This sparkling debut about the trials and tribulations of a 25-year-old London-born daughter of Ghanaian immigrants has already raced up the US bestseller lists and looks likely to do the same here. Maddie lives in Croydon, caring for her father, who has Parkinson’s, while her mother still spends most of the year in Ghana running a hostel. Narrated in the first person present, we follow Maddie – whom everyone calls Maame (meaning ‘mother’ or ‘woman’ in Ghanaian Twi dialect) – as she navigates her way through the complexities of daily life, from commuting to work, to coping with her father’s gradual deterioration. Maddie loves lists and is constantly looking up topics like ‘back pain in your mid-20s’ on Google. The novel started as a digital diary when George’s own father died, which accounts for its chatty, personal, heartfelt style, and it’s no surprise that a major TV adaption is on the way.

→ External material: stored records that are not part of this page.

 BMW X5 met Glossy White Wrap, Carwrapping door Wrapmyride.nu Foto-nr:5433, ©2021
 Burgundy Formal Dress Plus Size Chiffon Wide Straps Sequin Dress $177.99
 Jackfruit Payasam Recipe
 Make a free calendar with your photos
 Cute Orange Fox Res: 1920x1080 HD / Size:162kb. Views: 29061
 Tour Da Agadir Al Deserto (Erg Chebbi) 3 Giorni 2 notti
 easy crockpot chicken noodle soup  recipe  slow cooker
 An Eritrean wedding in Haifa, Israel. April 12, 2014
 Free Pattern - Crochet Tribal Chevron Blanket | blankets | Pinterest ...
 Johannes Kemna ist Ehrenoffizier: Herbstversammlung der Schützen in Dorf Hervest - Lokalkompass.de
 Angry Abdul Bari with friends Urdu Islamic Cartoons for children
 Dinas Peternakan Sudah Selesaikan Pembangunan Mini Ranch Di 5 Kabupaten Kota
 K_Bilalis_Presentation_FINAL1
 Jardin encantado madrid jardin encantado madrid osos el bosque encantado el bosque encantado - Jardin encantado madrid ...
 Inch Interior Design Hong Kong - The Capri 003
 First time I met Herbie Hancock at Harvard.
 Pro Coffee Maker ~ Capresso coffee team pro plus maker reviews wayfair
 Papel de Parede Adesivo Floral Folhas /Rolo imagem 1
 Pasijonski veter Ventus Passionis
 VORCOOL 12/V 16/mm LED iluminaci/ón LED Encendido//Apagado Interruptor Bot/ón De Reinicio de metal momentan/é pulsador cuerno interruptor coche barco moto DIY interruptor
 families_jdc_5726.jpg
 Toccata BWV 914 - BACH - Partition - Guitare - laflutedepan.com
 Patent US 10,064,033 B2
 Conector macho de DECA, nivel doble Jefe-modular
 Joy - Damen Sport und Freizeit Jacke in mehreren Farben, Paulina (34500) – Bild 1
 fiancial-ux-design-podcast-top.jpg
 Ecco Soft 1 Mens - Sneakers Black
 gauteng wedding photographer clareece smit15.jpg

Giorgio Morandi: Masterpieces from the Magnani-Rocca Foundation

There’s something indescribably beautiful and peaceful about the compositions and colours of Morandi’s still lifes. Ceramic vases, bowls and bottles are grouped together in subtle shades of greys, creams, blues and whites against simple, light-diffused backgrounds, or just hinted at with the merest of outlines in loose watercolours or soft black pencil. This exhibition of his works is currently on at the Estorick in Islington (until 30 April) to celebrate its 25th year, and is an absolute must-see. Alongside his famous still lifes are paintings of flower arrangements, landscapes and a self-portrait, together with several etchings, pencil drawings and watercolours. The accompanying catalogue, which works just as well as a standalone volume, has a generous colour-plate section and several essays about the man and his friendship with his patron, Luigi Magnani. If Morandi is truly the King of Beige, as he has been called, I say bring it on.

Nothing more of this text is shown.